__Records provided__
_ _ _ _
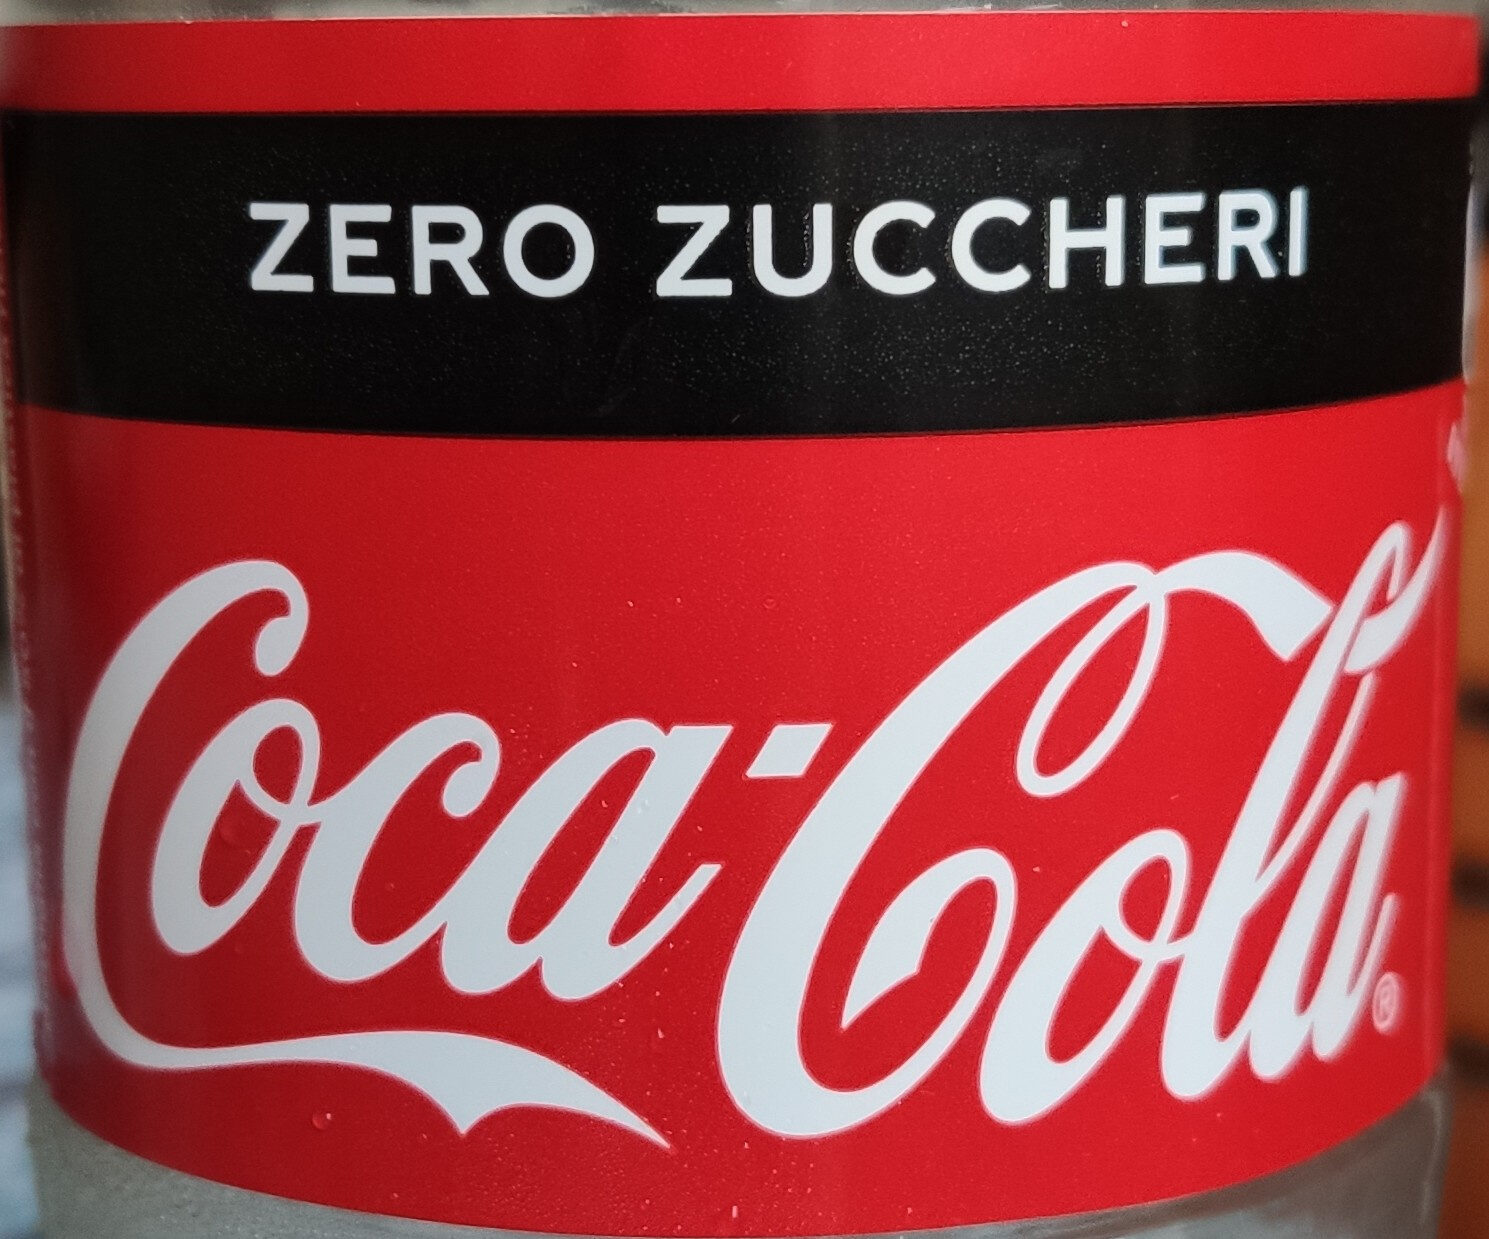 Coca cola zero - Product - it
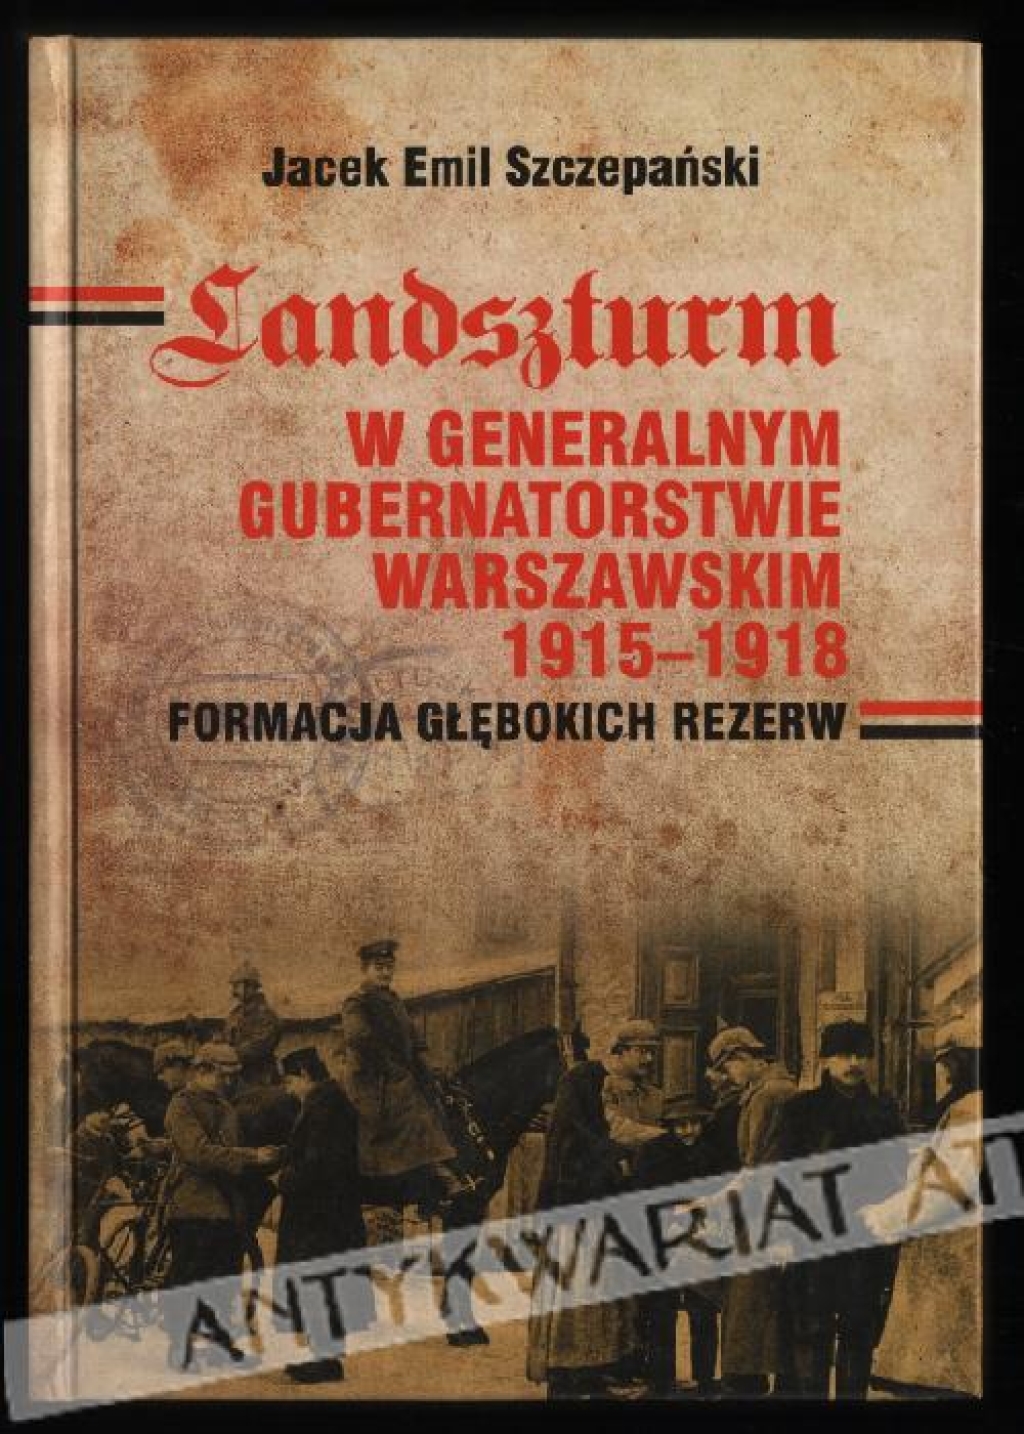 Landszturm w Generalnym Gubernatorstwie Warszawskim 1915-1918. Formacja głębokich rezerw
_ _ _ _
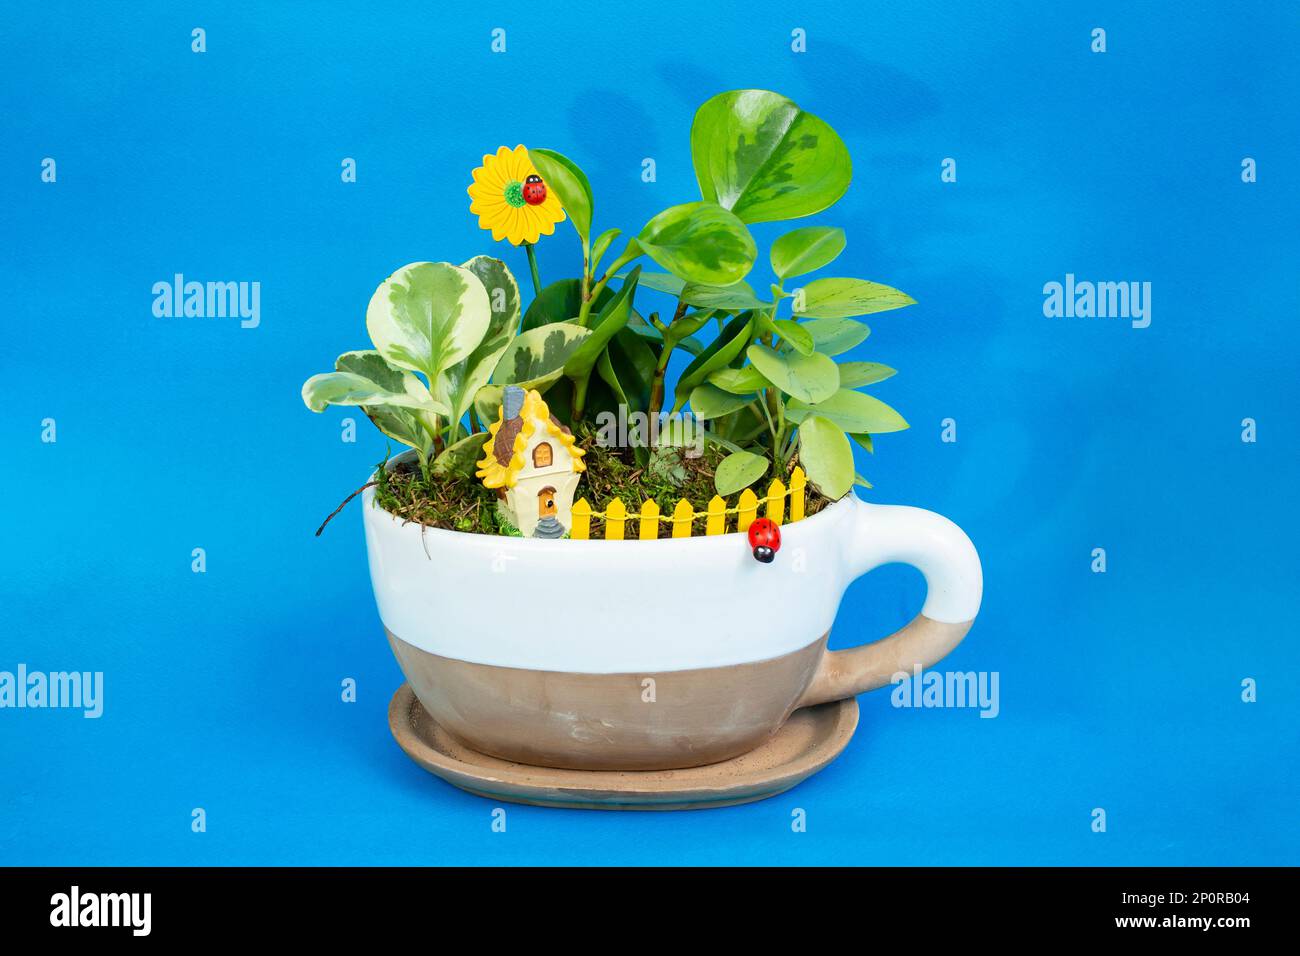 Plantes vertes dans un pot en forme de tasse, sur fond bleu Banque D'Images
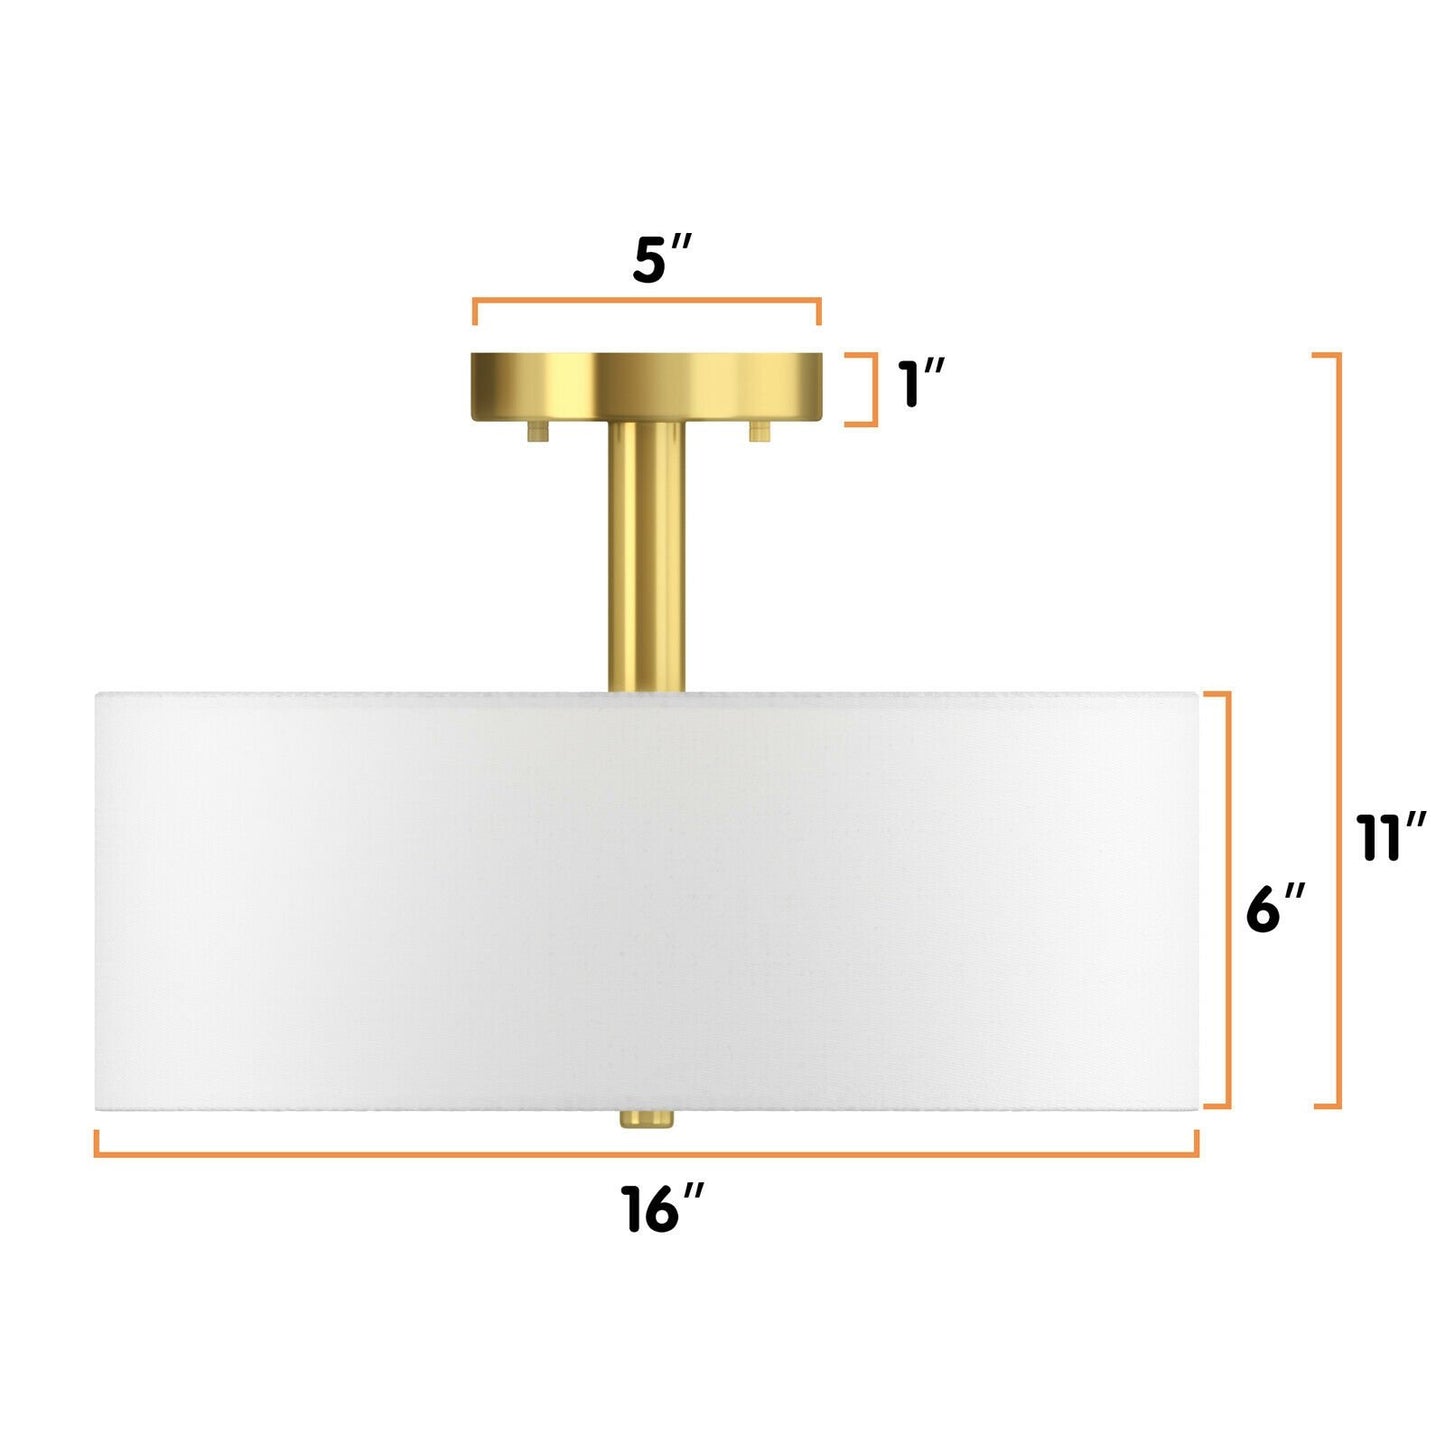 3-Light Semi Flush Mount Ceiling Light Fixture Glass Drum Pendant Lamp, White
_ _ _ _
__Exercise details__
Look above for the line with "Coca cola zero - Product - it" and copy exactly from it through the line with "Landszturm w Generalnym", both included. Omit the pictures.

__Your solution__
 Coca cola zero - Product - it
 Landszturm w Generalnym Gubernatorstwie Warszawskim 1915-1918. Formacja głębokich rezerw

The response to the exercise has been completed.